Though Essick noted Monday that he had not called on residents to contact the board, multiple department posts on the Facebook posting did urge commenters to take that step.

“If someone wants to take action on that, that’s up to them,” Essick said.

The three supervisors acknowledged receiving a flurry of emails in the aftermath of the video. Supervisor James Gore could not be reached before deadline for comment. Supervisor David Rabbitt is on vacation.

If the board accepts the sheriff’s proposed budget, Essick said the proposed cuts would take effect Nov. 3, indefinitely grounding Henry 1 before officials consider next steps, including the potentially selling the $5.5 million aircraft that was put into service in August 2018.

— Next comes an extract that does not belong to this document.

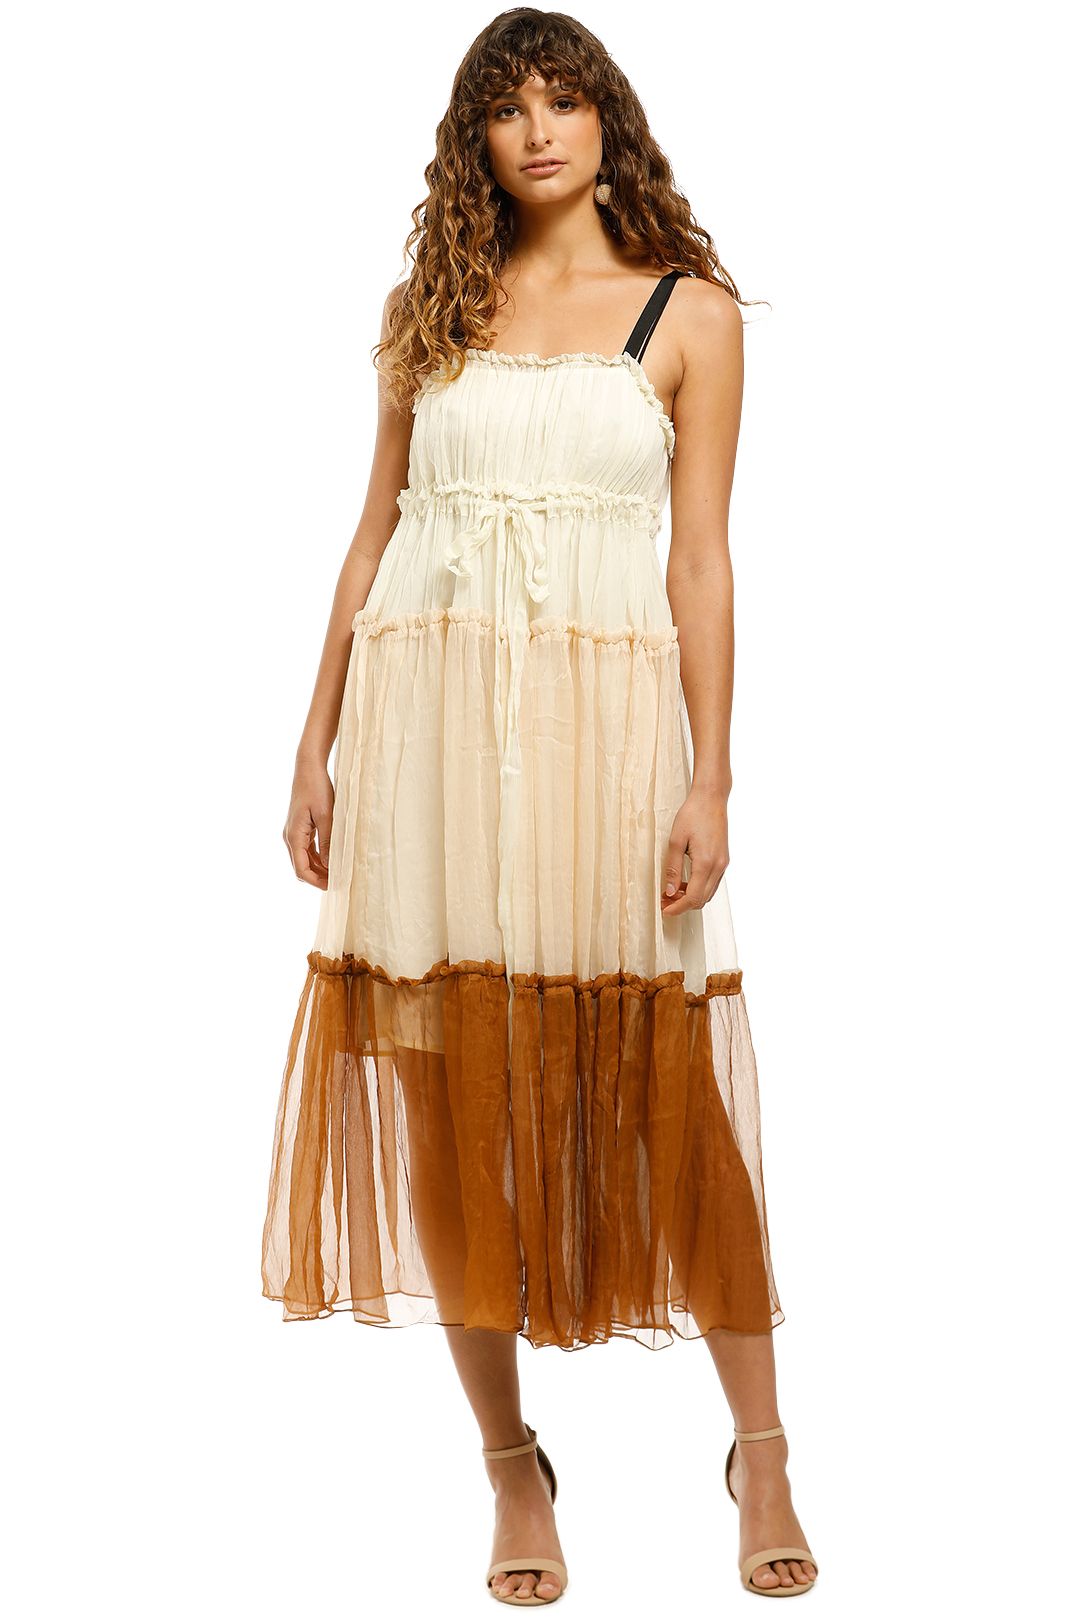 Ministry-of-Style-The-Prairie-Girl-Maxi-Dress-Cinnamon-Front

It has been on the chopping block before, including in 2012, when it was spared partly through private donations used to form the nonprofit foundation Friends of Henry 1 amid budget cuts that came as a response to the Great Recession.

Such a rescue may be necessary again, as a majority of the board in phone interviews Monday was not inclined shield the department from cuts being asked of others.

“We all stood behind you when you said, ‘I’m going to evacuate half this county,’” Zane said in an interview, recounting the board’s support of Essick’s order during the Kincade fire. “Now, you’re not only not supporting us, but you’re declaring war on us. Very, very poor judgment.”